When I was in first grade, my teacher organized a thing called Star of the Week, where each student took a turn being featured. Details of the week elude me all these years later, but a few things remain: Being first in the lunch line, making a poster-sized collage representing my life to date (mine was in the shape of a trolley, inspired by Mr. Roger’s Neighborhood), and a presentation to the class about my family.
That last part was kind of delicate, at the time.
The whole reason I was at that school—in that city, even—was that, a year prior, my father had been murdered in a terrorist attack. Days before I started first grade, we moved a thousand miles to my mother’s hometown, where my grandparents could lend a hand with my sister and me. In my grandfather’s case, that singular hand was quite somewhat literal.
In his younger days, my grandfather was a both a Southern gentleman and a man’s man. He had played football in high school—and was later inducted into the school’s Hall of Fame—took a hiatus from his studies at the Virginia Military Institute to serve in the waning days of World War II, and then, after completing school, returned home to co-found a tobacco distribution business with his father. As they were both named Leon, Sr. and Jr., they named the company accordingly: the Leon and Leon Cigar Company.
By the time I knew him, the Southern gentlemanly aspects remained. He gave “The Star-Spangled Banner” and “Dixie” equal treatment, and frequently commanded me to hold doors for random women. But the stereotypical manliness was long gone, replaced by a frailty unbecoming of a frame that still retained some semblance of burliness.
Tobacco had made him a fortune. Tobacco had cost him more.
A year or two before I was born, some time in the early 1980s, when he was in his mid-50s, my grandfather had his annual physical, where he was told that, aside from that whole smoking thing, he was in perfect shape. Bolstered by this bill of health, he drove 45 minutes to the far-flung suburbs, where his country club was located. As he attempted to tee off for the first hole of a round of golf, he fell over, clutching his chest, a heart attack ravaging him. A week later, while he was in the hospital, a stroke ravaged his brain, destroying much of the motor function on the right side of his body.
As I understand it, my grandfather sold his share of the company, which had merged with another some time prior, to his partner to help pay medical bills. Months of physical therapy ensued, as he re-learned how to walk and talk, plus how to do all sorts of basic tasks like tying shoes with his left, previously non-dominant, hand. In my memory, his cane was never out of sight, and his signature was never more than a scribble. We played checkers instead of football, and fetching Grandpa his pills after dinner was a game of its own. I liked the blue ones the most.
When my turn as Star of the Week rolled around, I didn’t have a father to come in and talk about his job, so my grandfather came instead, limping into the classroom and talking about his work. At the time, this seemed like a big deal, him taking a day off for me, but as I grew older, I got the impression that his work was trivial, that he was kept on at work not because of his capability, but his status. Maybe I’m wrong about that. Maybe I’m biased after all the cognitive difficulties I witnessed—he had a habit of running through all the male names in the family before getting mine right, for example. That company, though—all that tobacco work he did before the tobacco caught up with him—that was something.
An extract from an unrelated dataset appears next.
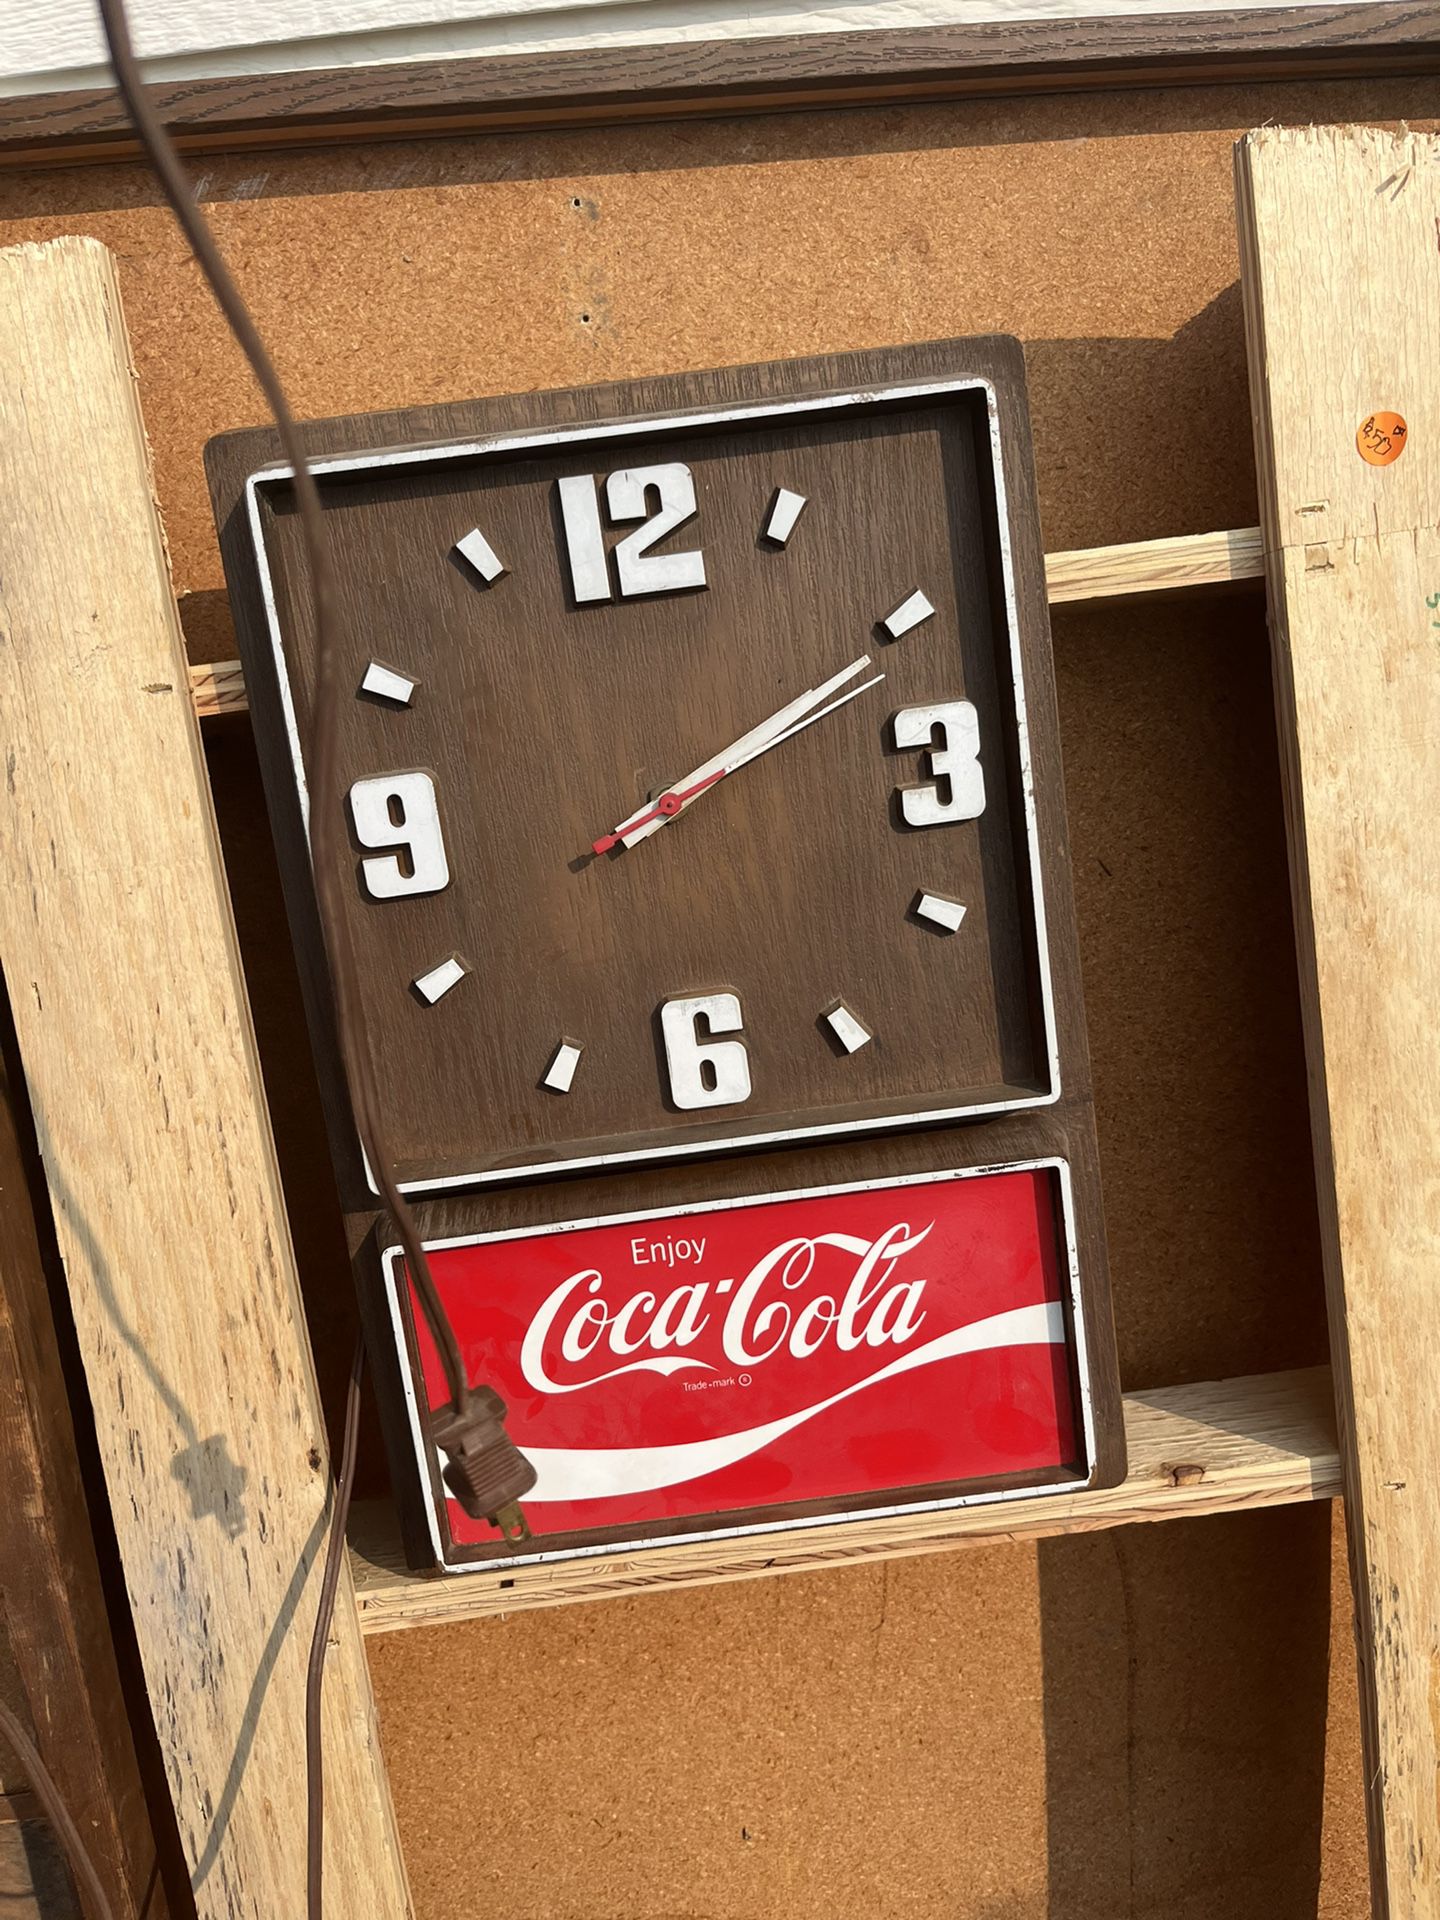 Antique Coca Cola Clock

Remember how I said he was inducted into his high school’s Hall of Fame? He was inducted into the Tobacco Industry Hall of Fame, too.
My grandfather died in 2005, but he was out of my life sooner than that. By 1999, it was clear that I was never going to be who he wanted me to be, and that the constant pressure to try was too much. I stopped speaking to him that summer, and to this day, I don’t regret it. With the benefit of hindsight, I now wonder how much of the way he treated me was a result of him not liking who he became after the stroke. A couple years ago, my uncle, the youngest in the family, who was in college when the stroke struck, speculated that my grandmother might have left my grandfather had it not been for his health. Whether it’s true or not, theirs wasn’t the happiest house to have regular Friday dinners in.
I thought about him earlier tonight, after watching the Last Week Tonight piece where John Oliver took on the tobacco industry. I was thinking about that day in first grade, when my 62-year-old grandfather with the cane and the limp and the weird, large lump on his thumb—which was supposedly the result of a skin graft to cover his heart surgery scar—stood in front of the class and told them about his job in the tobacco industry. I’d like to think that today, that presence wouldn’t have been about me, and instead, would have been about why we should never do what he had done.
I’ve never smoked. It’s a personal choice, and I try not to be preachy about it to my friends who do. I don’t talk about my grandfather much, and usually, I don’t think about him much, either.
Tonight, after watching that segment, I typed my grandfather’s name into Google. Less than ten years after his demise, try as I might, I couldn’t find his obituary. The top hit, on the other hand, was stunning: A site called The Corporate Corruption of Science, featuring links to his share of 6,000,000 tobacco industry documents released after a settlement with the Clinton administration.
Maybe it’s fitting, given all the lives ruined by the tobacco he sold. In life, tobacco robbed him of his vitality. In death, his legacy.